Opportunities in Data Versioning

Published in

rippleventures

7 min readJun 13, 2022

⚡️ Introduction

Ripple Ventures is an early-stage venture fund focused on enterprise software, developer tools, and web3 infrastructure & tooling. Within each vertical focus, our team conducts in-depth research on areas of interest to find the best companies to partner with. This post is part of a new blog series where our team shares internal research on categories that we’re actively investing in.

If you are a founder or investor building in any relevant categories and want to share notes and discuss, please reach out to our team here: https://airtable.com/shreRM7YdROtmEi5r.

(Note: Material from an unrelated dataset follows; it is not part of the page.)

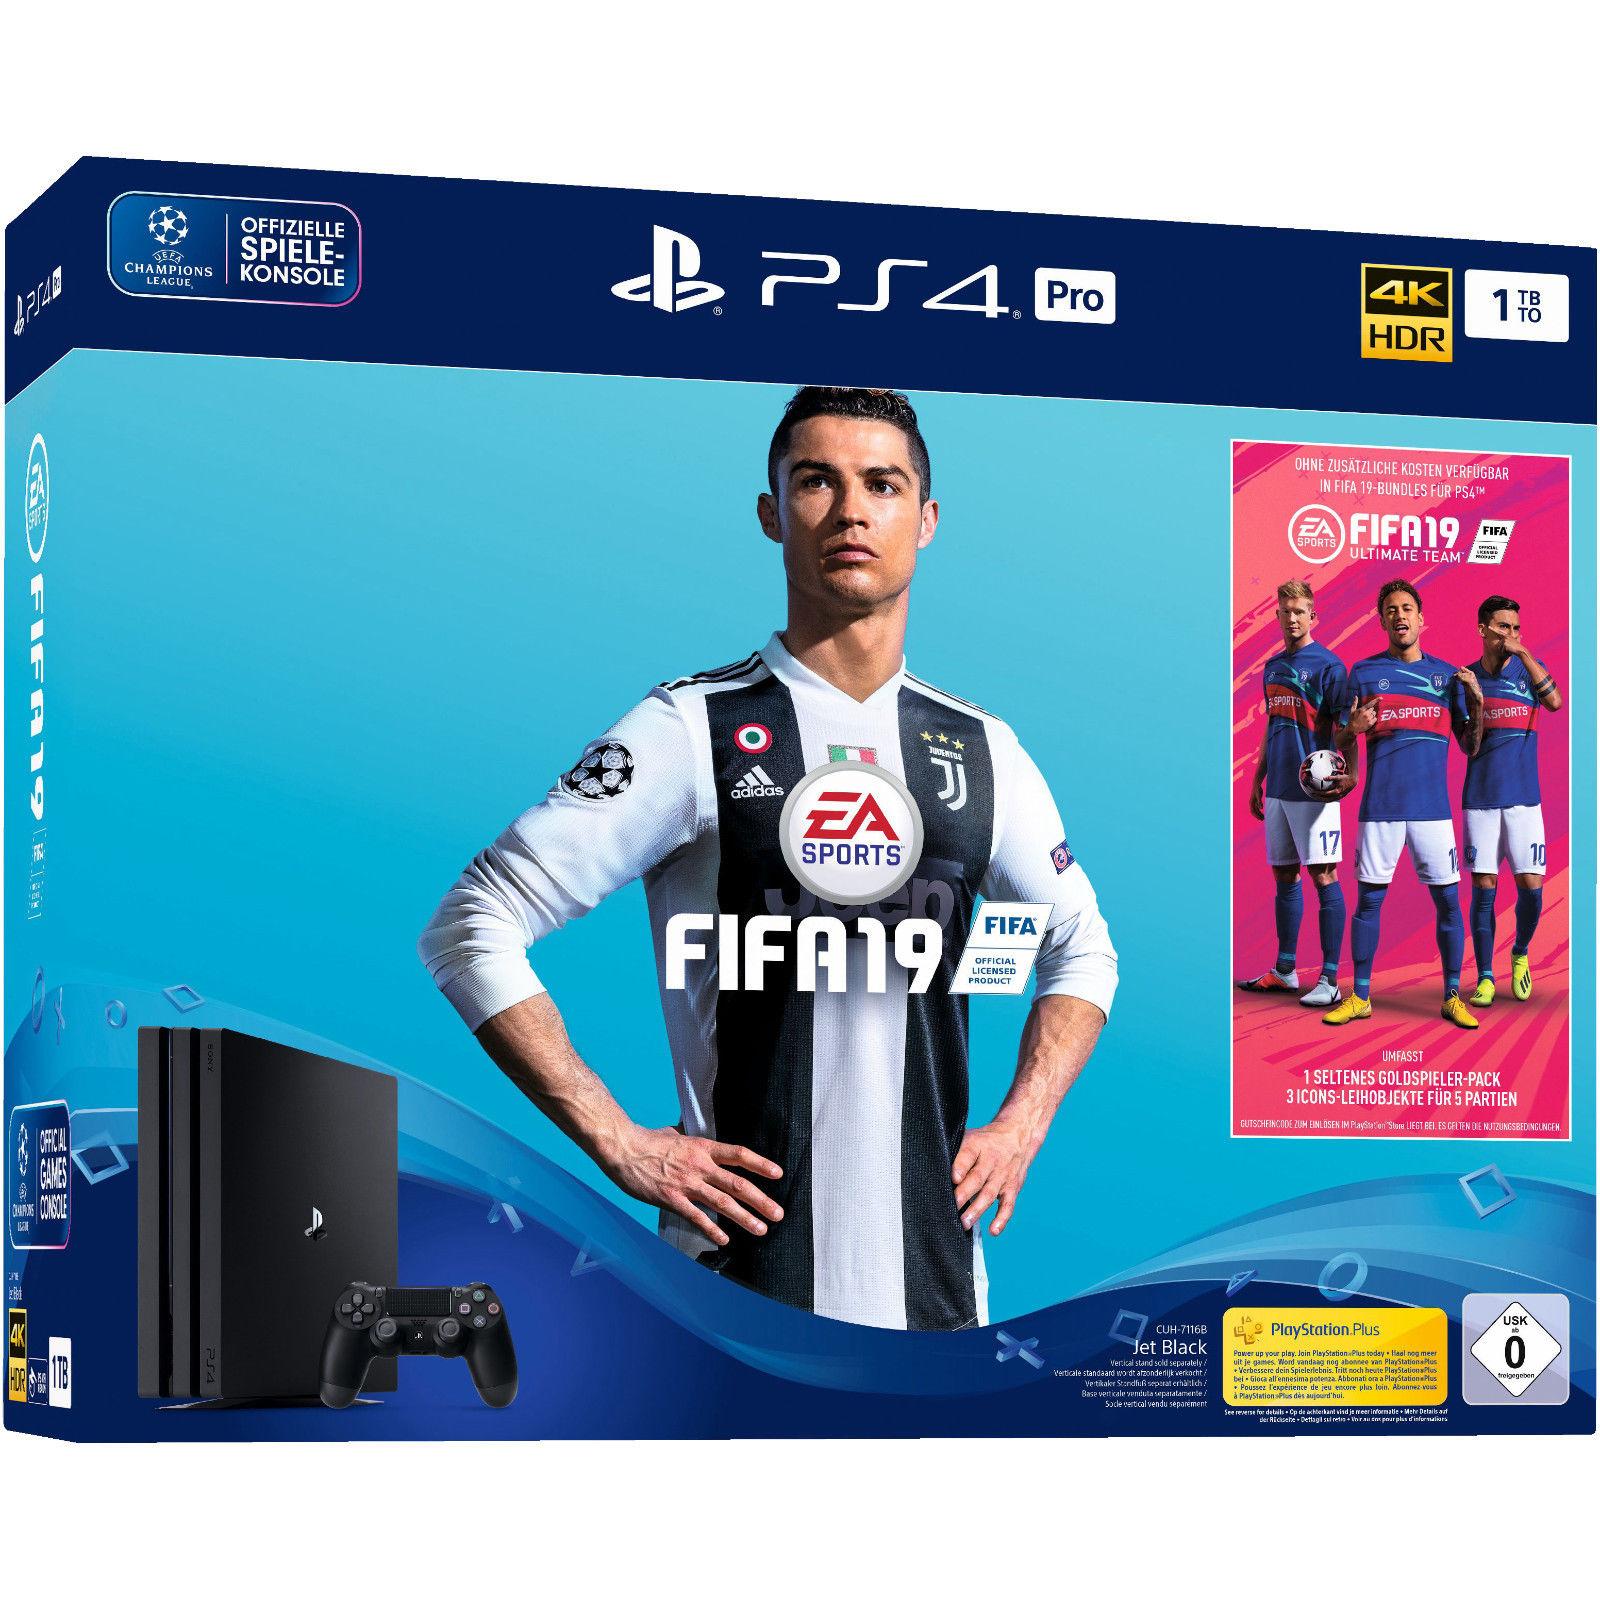 PlayStation 4 Pro 1TB - FIFA 19 Bundle voor €377,66 @ Amazon.de
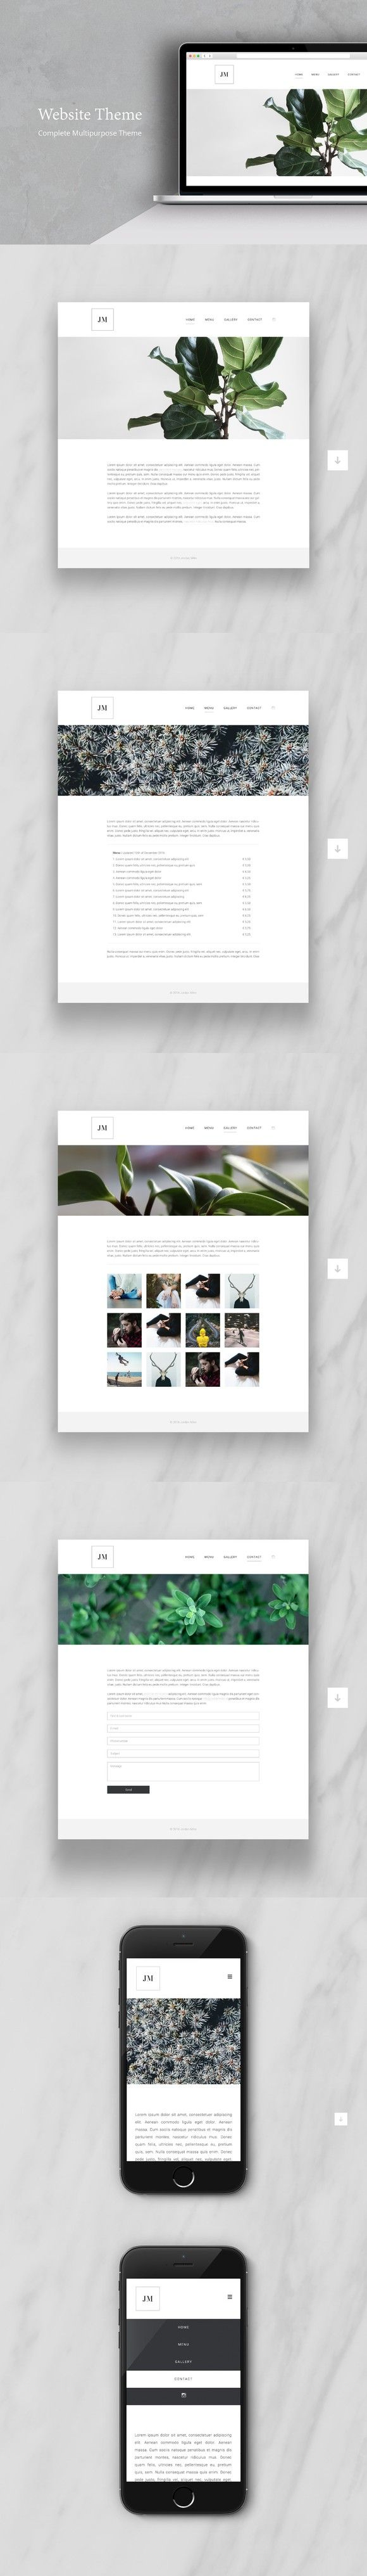 687 besten HTML/CSS Themes Bilder auf Pinterest | Fahrschule ...

You can follow us here: https://linktr.ee/rippleventures.

💡 Data Versioning

The data tooling ecosystem has been a large focus across every company building software in the past years. As companies grow, they run into challenges with maintaining and scaling their databases as their existing infrastructure isn’t supporting their increased volume. We believe that successful tools in space will be targeted point solutions rather than generalized software for a variety of use cases that can scale with companies.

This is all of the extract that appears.